Generally, for setup of persistent testing resources, you can make a pseudo-test that sets the utility up. Here's an example from some recent code I've written with tape -- I'm not claiming it's the golden way, but it's a way:

let TEST_DB: DB; // Global DB component for this test file
let TEST_UGC: LocalDirUGC; // Global DB component for this test file
let app: Express = buildApplication();

// Tape test that sets up the DB -- passing a callback to set up the global TEST_DB in this file
TestUtil.setupTestDB((db: DB) => {
    TEST_DB = db;
    return TEST_DB.setup(app);
});

TestUtil.setupTestUGC((ugc: LocalDirUGC) => {
    TEST_UGC = ugc;
    return TEST_UGC.setup(app);
});

test("document creation by ugc upload works", (t: Test) => {
    // ... your test code, which uses TEST_DB
});

// ... other tests which make use of TEST_DB ...

TestUtil.cleanupTestDB(() => TEST_DB);

It's perhaps a little hard to see, but setupTestDB is a function that when evaluated runs the the test -- but by having setupTestDB be a function, you can pass it a callback to use to set a variable in the script-global state for the test file. setupTestDB finishes when the setup is finished, so the global variable is set before any other tests run.

You can use your global (in my case TEST_DB) in subsequent tests since tape runs tests in a sequential manner.
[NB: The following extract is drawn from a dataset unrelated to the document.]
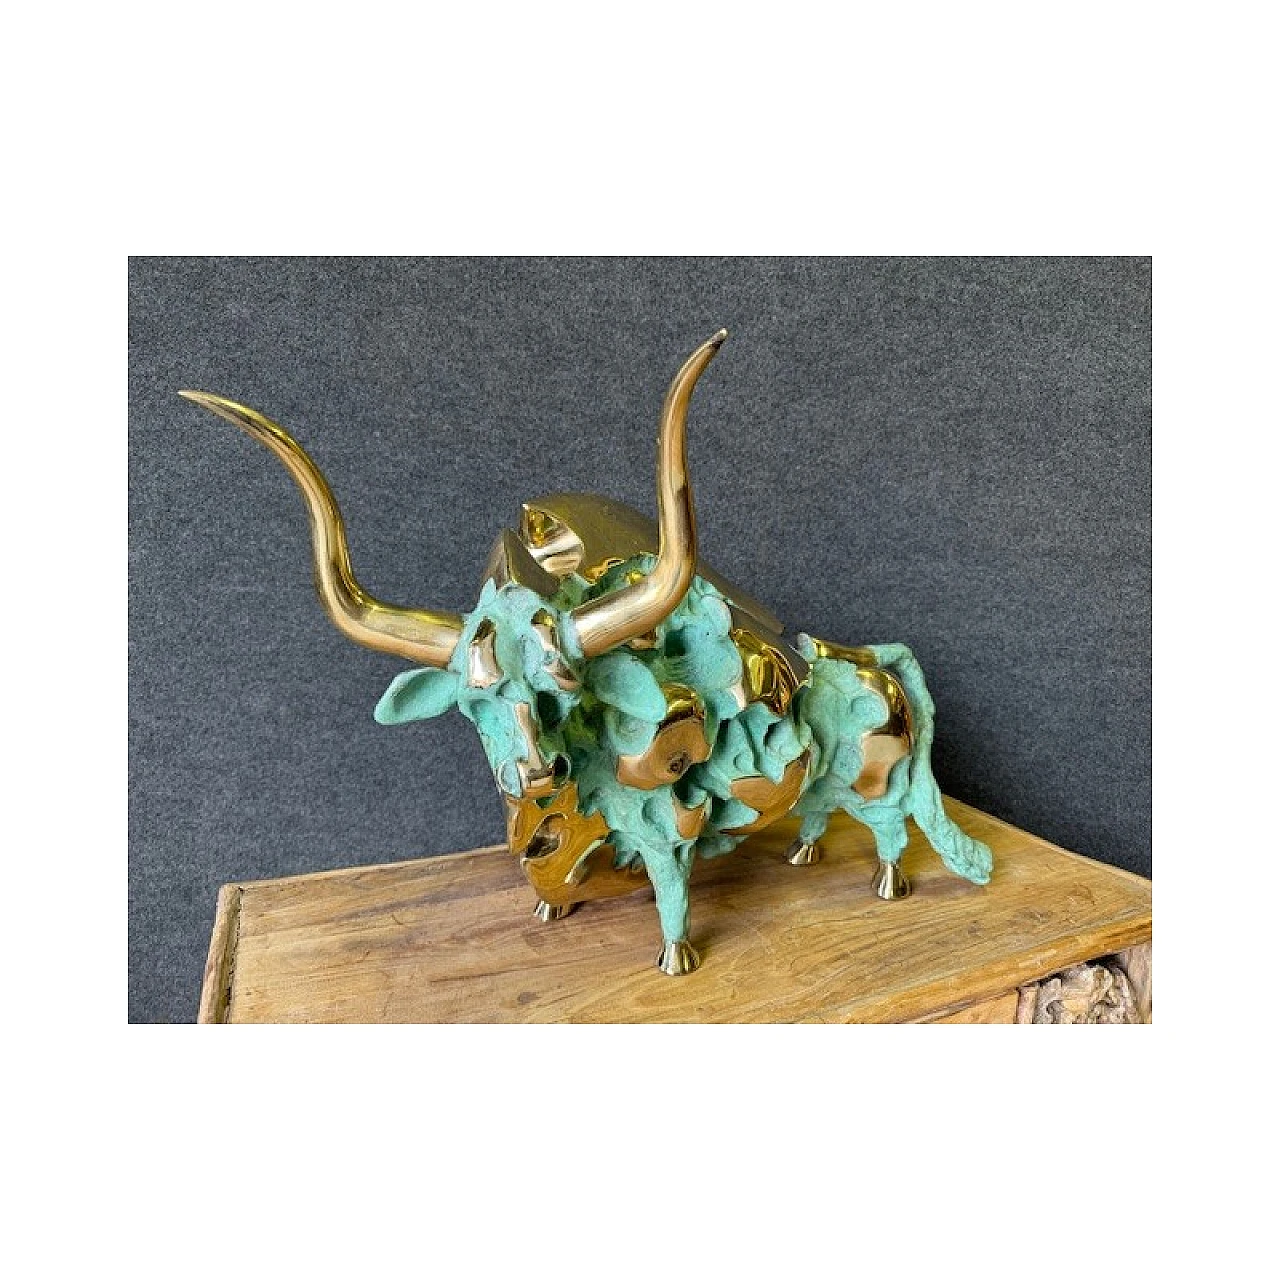 Oxidized and polished bronze bull sculpture 4
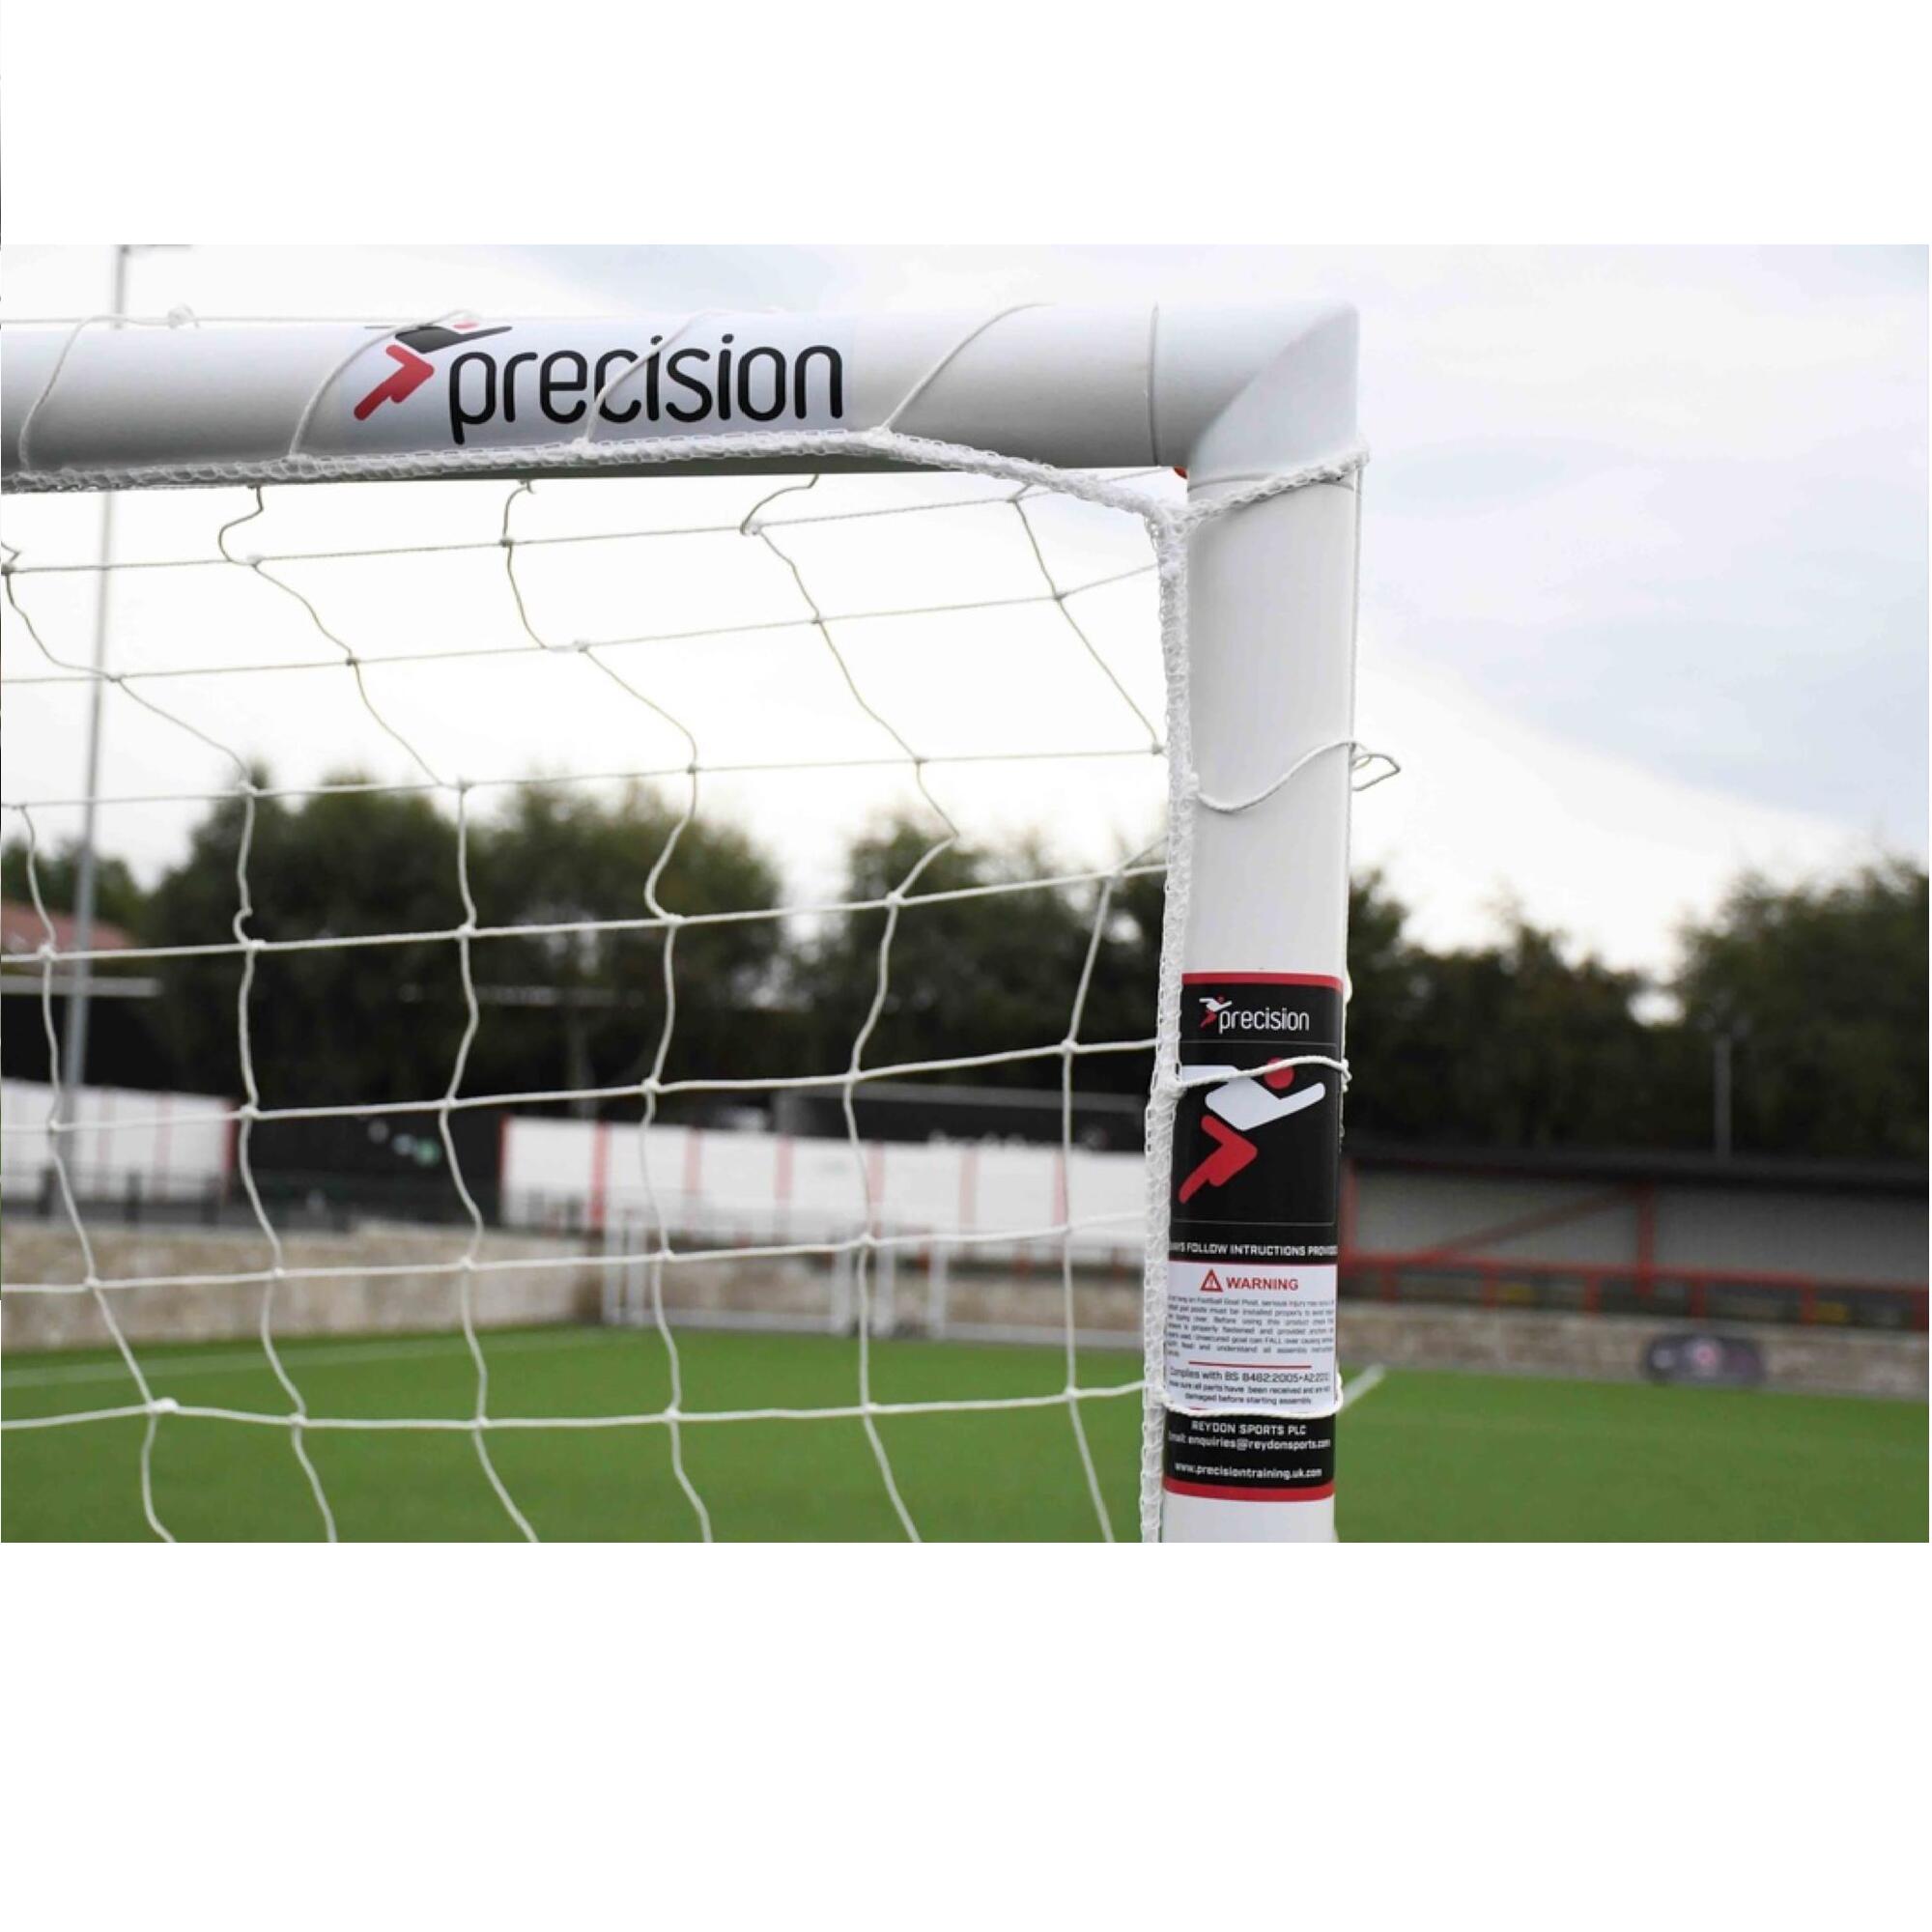 Precision Match Goal Posts 12' x 4' (BS 8462 approved) - White Colour 2/3

I normally add some code to the test instance to ensure that I can reset it between tests if necessary (and if creating a new one is costly).

setupTestDB looks like this:

/**
 * Set up a database for test
 *
 * @param {Function} cb - Callback to run when the test database is set up (i.e. you could set a global value to the DB)
 */
export function setupTestDB(cb?: (db: DB) => Promise<any>) {
    // Run a test that setups the datbase
    test("setting up database for test", (t: Test) => {
        makeTestDB()
            .then((db: DB) => {
                t.ok(db, `db created for testing (database: ${db.getDatabaseName()})`);
                return cb ? cb(db) : Promise.resolve();
            })
            .then(() => t.end())
            .catch(t.end);
    })
}

and cleanupTestDB looks like this:

/**
 * Cleanup a database for test
 *
 * @param {Function} getDB - A function that returns the DB object
 */
export function cleanupTestDB(getDB: () => DB) {
    // Run a test that setups the datbase
    test("cleaning up database used in test(s)", (t: Test) => {
        // Get the DB out of the closure
        const db = getDB();
        if (typeof db === "undefined") { throw new Error("DB is undefined"); }

        const dbName = db.getDatabaseName();

        // Retrieve the default and actual connection being used by the db (in test they will likely be different, one pointing to a temp db)
        Promise.all([
            db.getDefaultConnection(),
            db.getConnection(),
        ])
            .then(([defaultConn, conn]) => {
                // Ensure conn is at least defined
                if (!conn) { return Promise.reject(new Error("DB is disconnected (not even default)")); }

                // Ensure we don't ever try to drop the default (ormconfig.js configured) DB, or a db named "master"
                if (defaultConn === conn || dbName === "master") {
                    t.comment("DB name is [master], will not remove");
                    return Promise.resolve();
                }

                // Close the connection then use default to drop the associated DB
                return conn.close()
                    .then(() => defaultConn.query(`DROP DATABASE ${dbName}`));
            })
            .then(() => t.ok(db, `db ${dbName} dropped`))
            .then(() => t.end())
            .catch(t.end);
    })
}

(apologies, some of this code is very specific to typeorm), but it should give a good example of the pattern I'm employing.

BTW, this pattern also scales well to parallel suite running with bogota -- since bogota runs the suites (test files) in parallel but still runs the tests inside serially.